Activity: The lines you should transcribe are those from the one containing "Ink cartridges Nibs" to the end of the listing below, exactly, with pictures left out.

Provided data:
__________
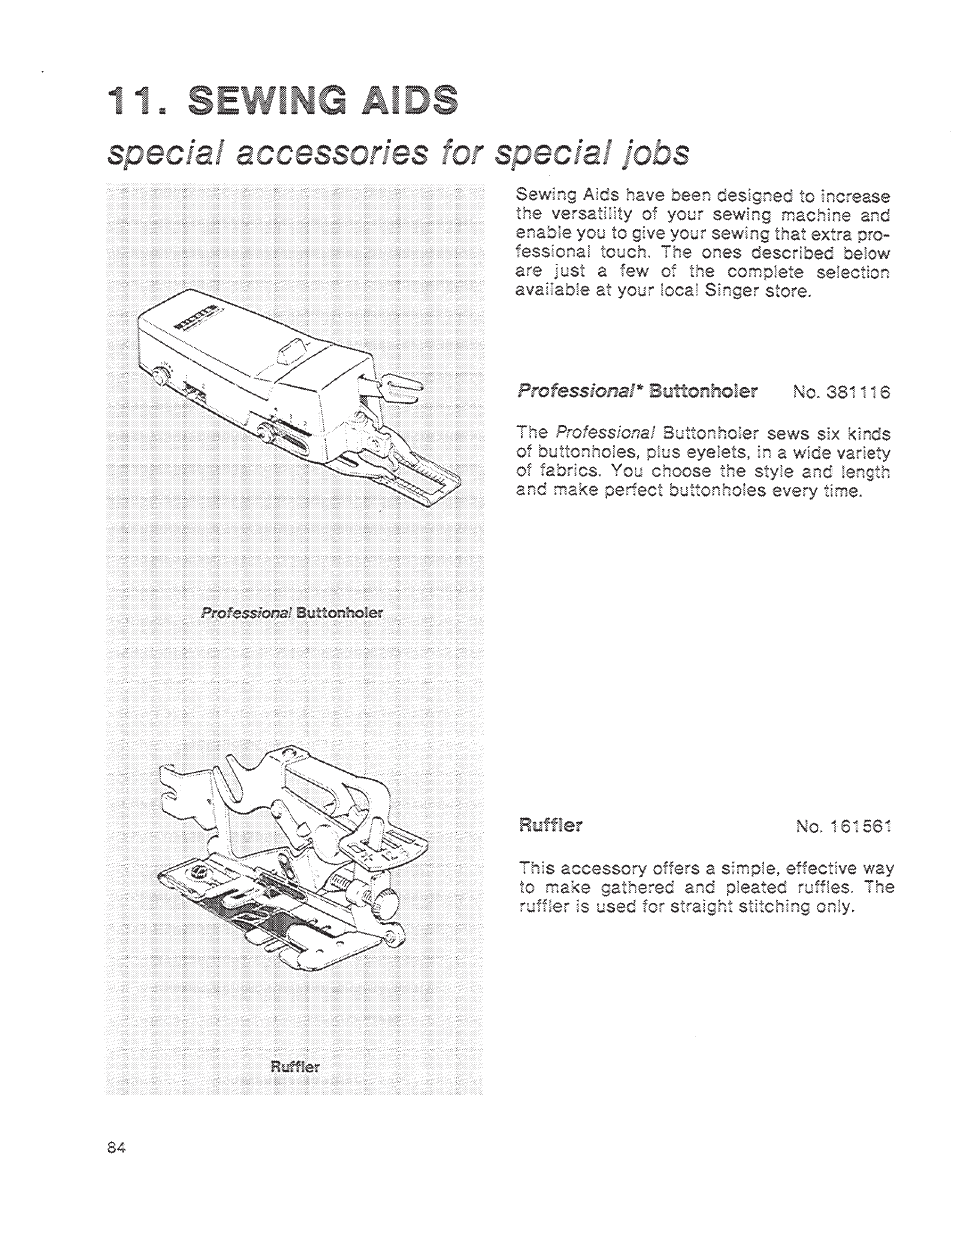 Special accessories for special jobs | SINGER 1200 Athena User Manual | Page 86 / 90
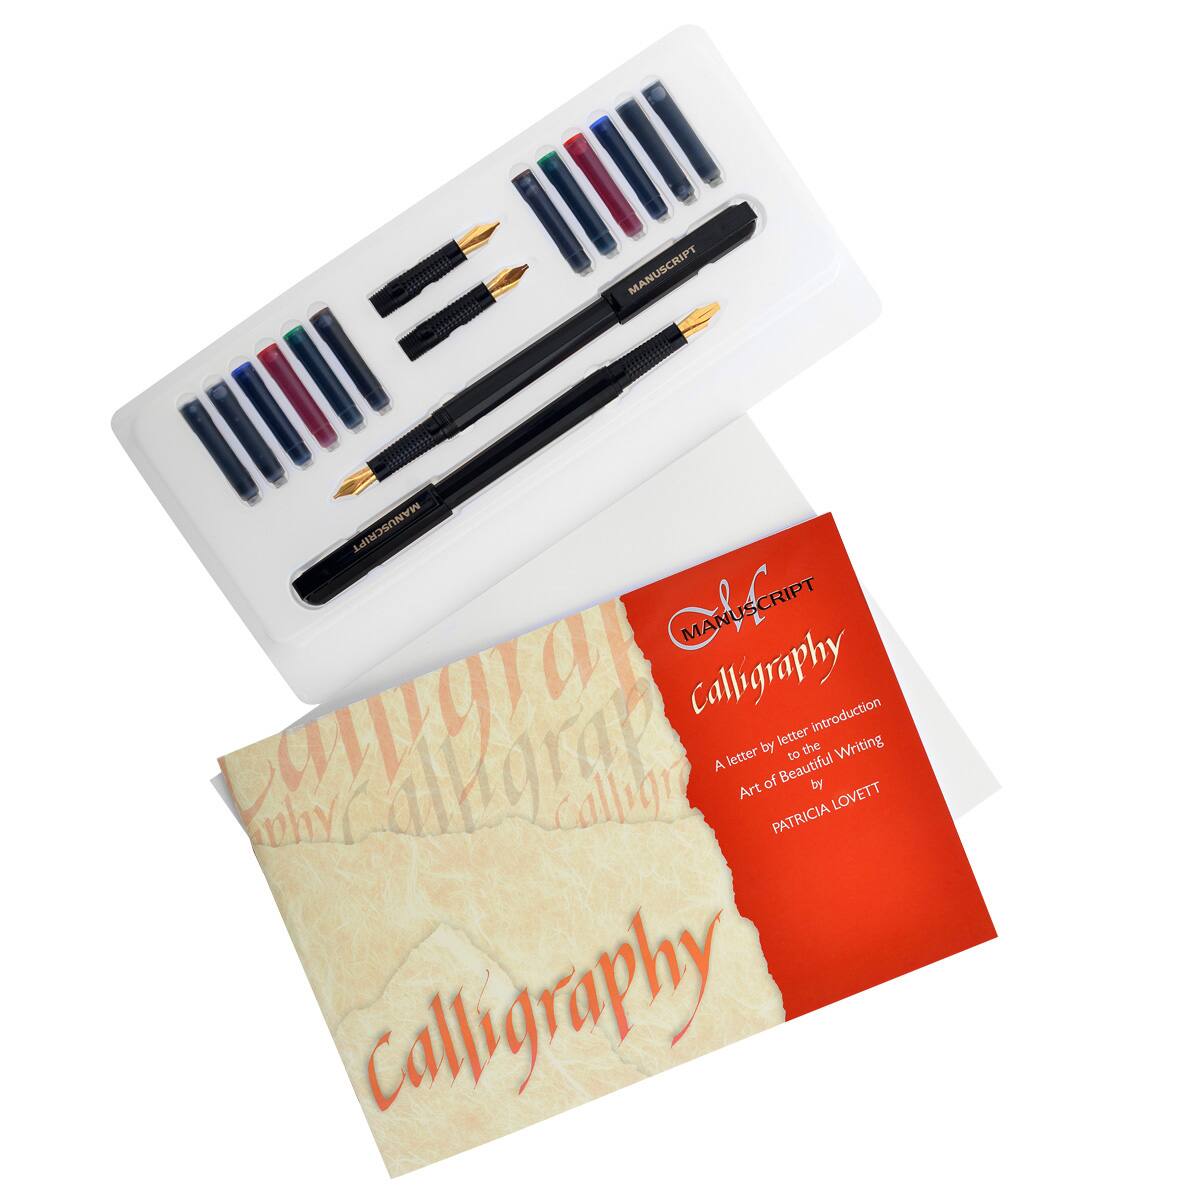 Ink cartridges Nibs Ideal for All Calligraphers! 24 Pieces Manuscript Masterclass Calligraphy Set A5 Practice Pad Guideline Sheets and Calligraphy Manual Classic Fountain Pens 
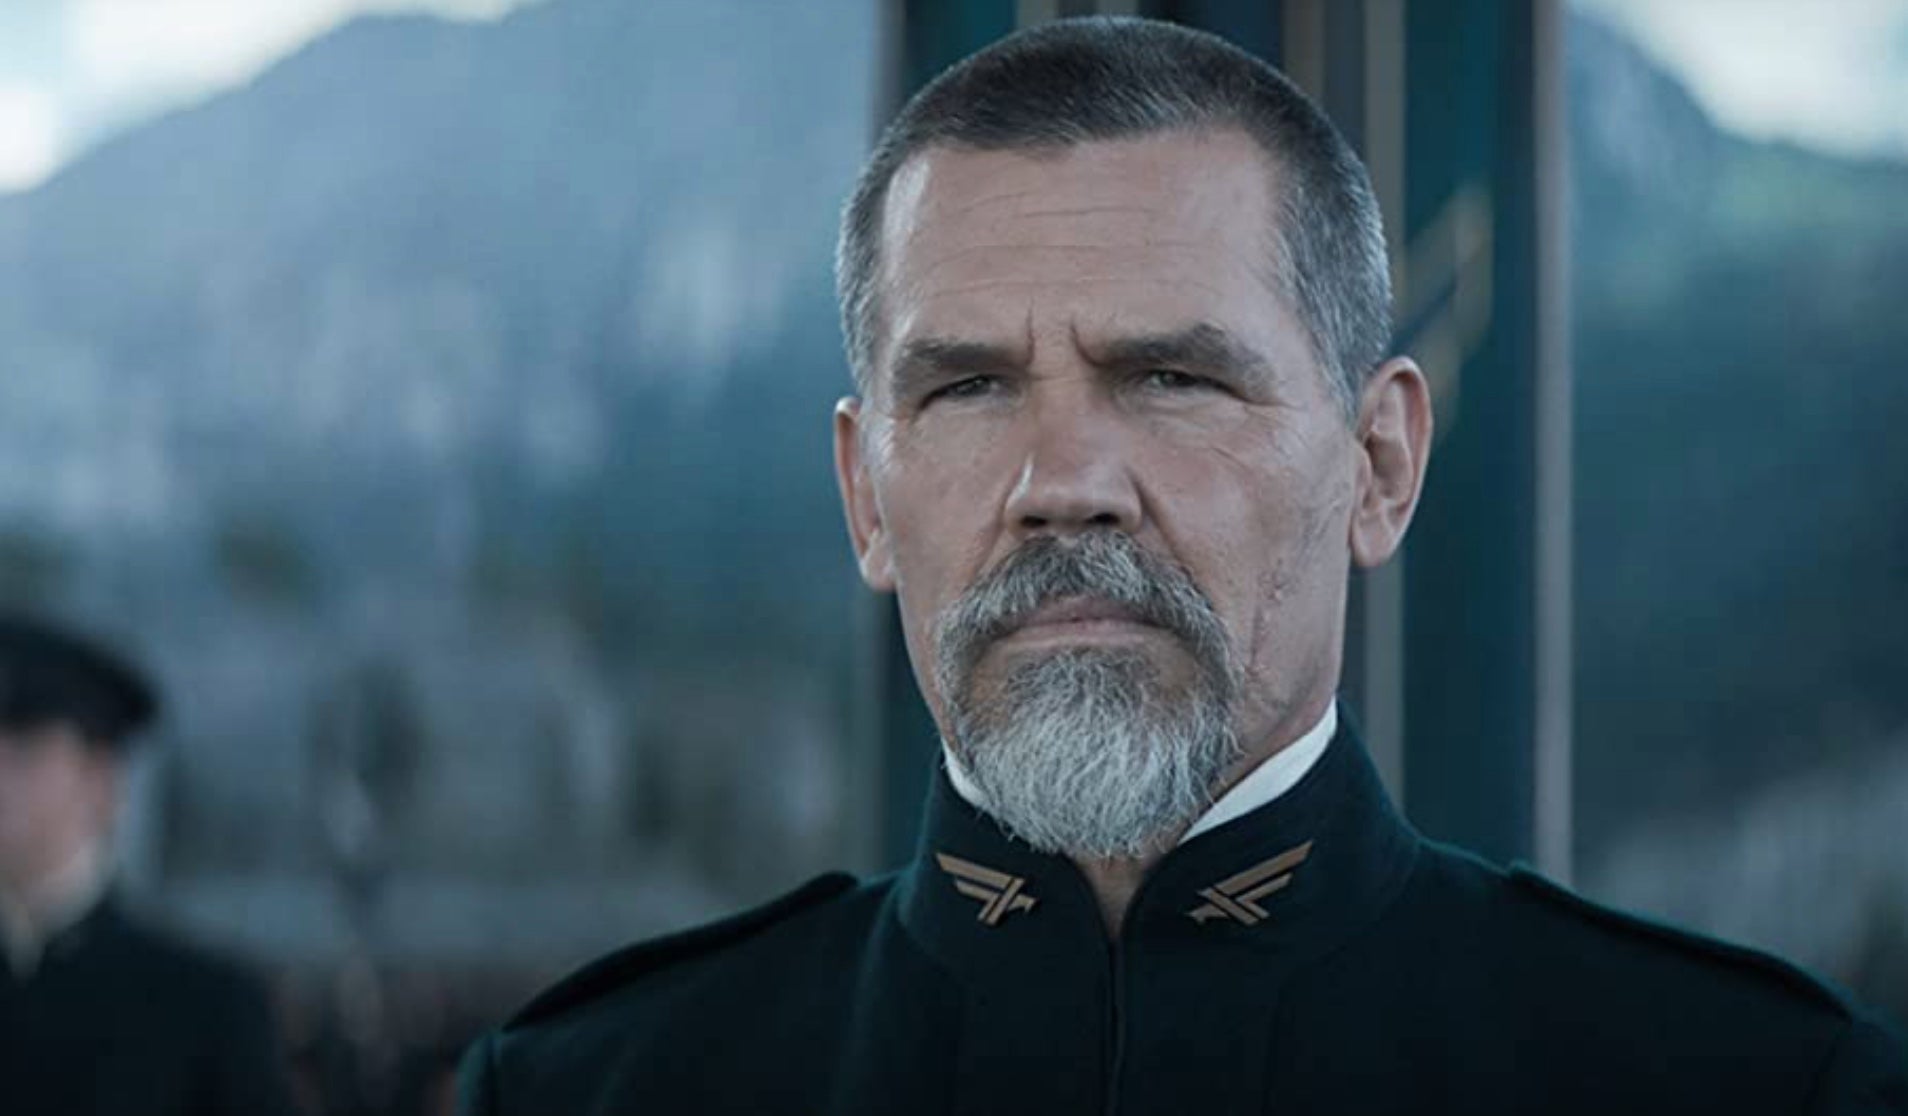 Josh Brolin's Gurney Halleck disappeared in part one, but he'll be back. (Image: Warner Bros.)
__________
Finished exercise:
 Ink cartridges Nibs Ideal for All Calligraphers! 24 Pieces Manuscript Masterclass Calligraphy Set A5 Practice Pad Guideline Sheets and Calligraphy Manual Classic Fountain Pens 
 Josh Brolin's Gurney Halleck disappeared in part one, but he'll be back. (Image: Warner Bros.)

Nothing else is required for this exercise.